CISOs should revisit decisions they made during 2020, especially those that permitted security gaps tolerated in the rush to enable remote work as a result of the pandemic. One way to reduce that exposure is to adopt approaches that encompass zero trust, said Neil Daswani, co-director of Stanford University's Advanced Security Program and author of the upcoming book Big Breaches.
"In 2021 CISOs should continue to accelerate their zero-trust initiatives to help them claw back risk, as the zero-trust model is much more effective at managing risks due to remote workers than traditional VPNs and perimeter security models," he said.
Tools that diagnose and analyze network behavior, meantime, are also gaining traction, said Marc Vael, CISO at software vendor Esko and a past ISACA board member. Behavioral analytics software allows organizations to identify -- in real time -- normal and permissible actions even as it flags anomalies that might suggest nefarious behavior. Security, orchestration, automation and response technologies are also letting companies beef up their defenses. "That will be the big hype for next year," Vael said.

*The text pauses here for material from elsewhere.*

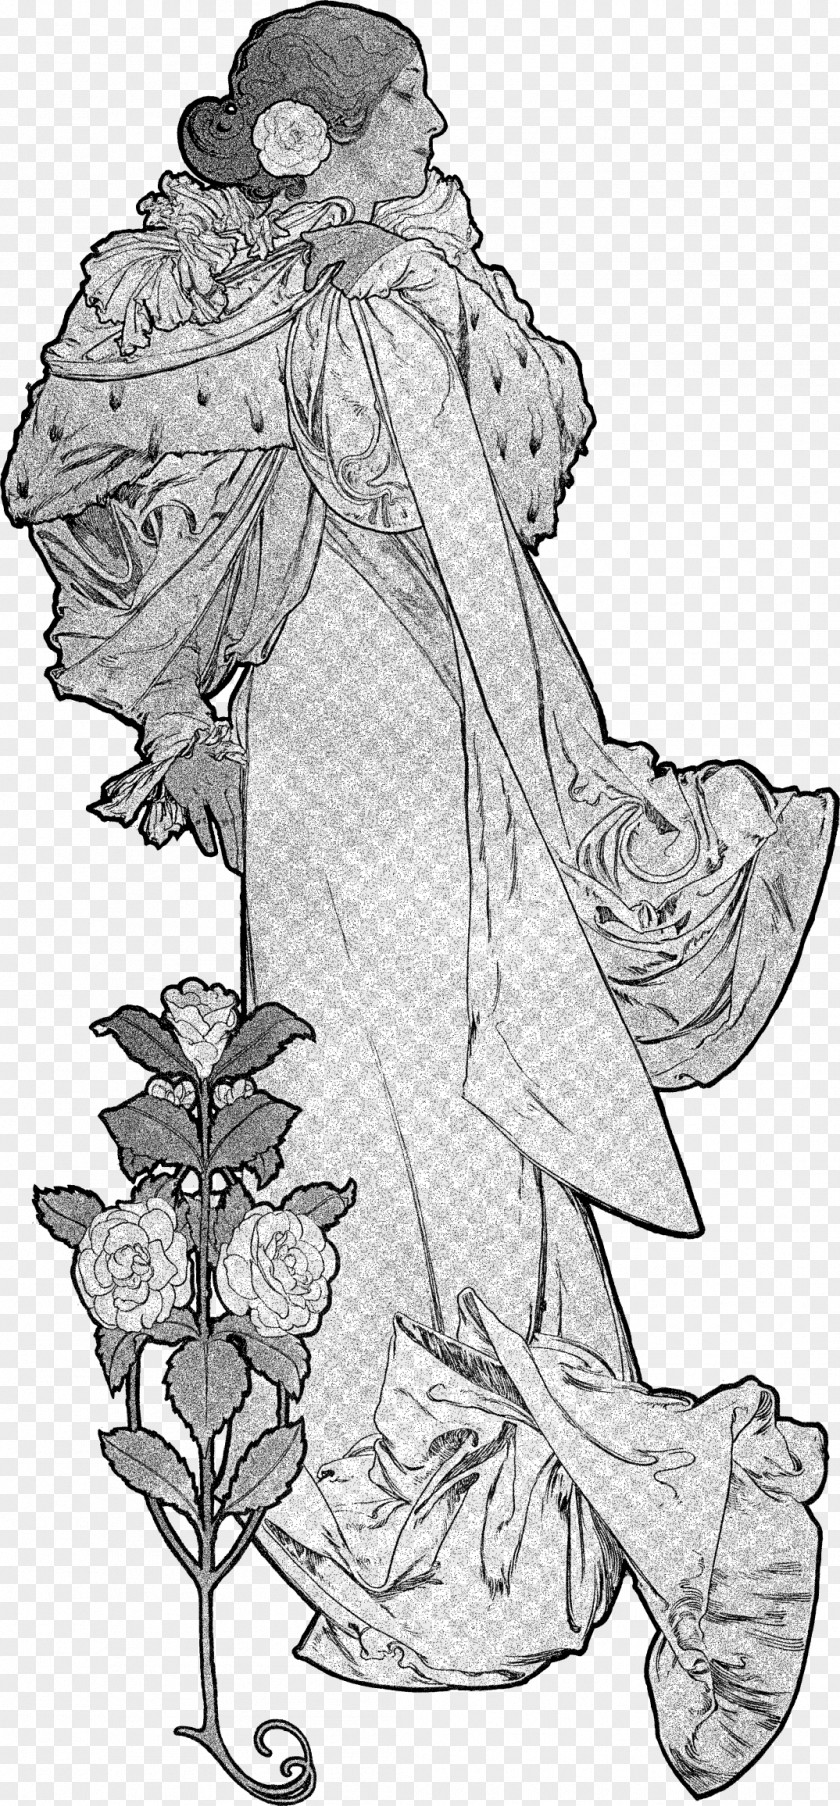 Halftones The Lady Of Camellias Line Art Sketch PNG

Yet even as organizations assess technologies like analytics and zero trust, companies must first understand their own risk postures before they decide which strategies to pursue, Nair at NTT said.
"[Undertaking this exercise] not only addresses the newly created risks, but opens up opportunities for people to truly consider full redesigns and other more disruptive changes that have perhaps been kicked down the road for years now because the business has change fatigue," she said. "We just proved, globally, that we are all far more resilient than we originally believed ourselves to be and people are actually looking for big changes that make their work lives easier. Now is the time step back, take stock, and decide what's next, [to] not be satisfied and stay at this current plateau."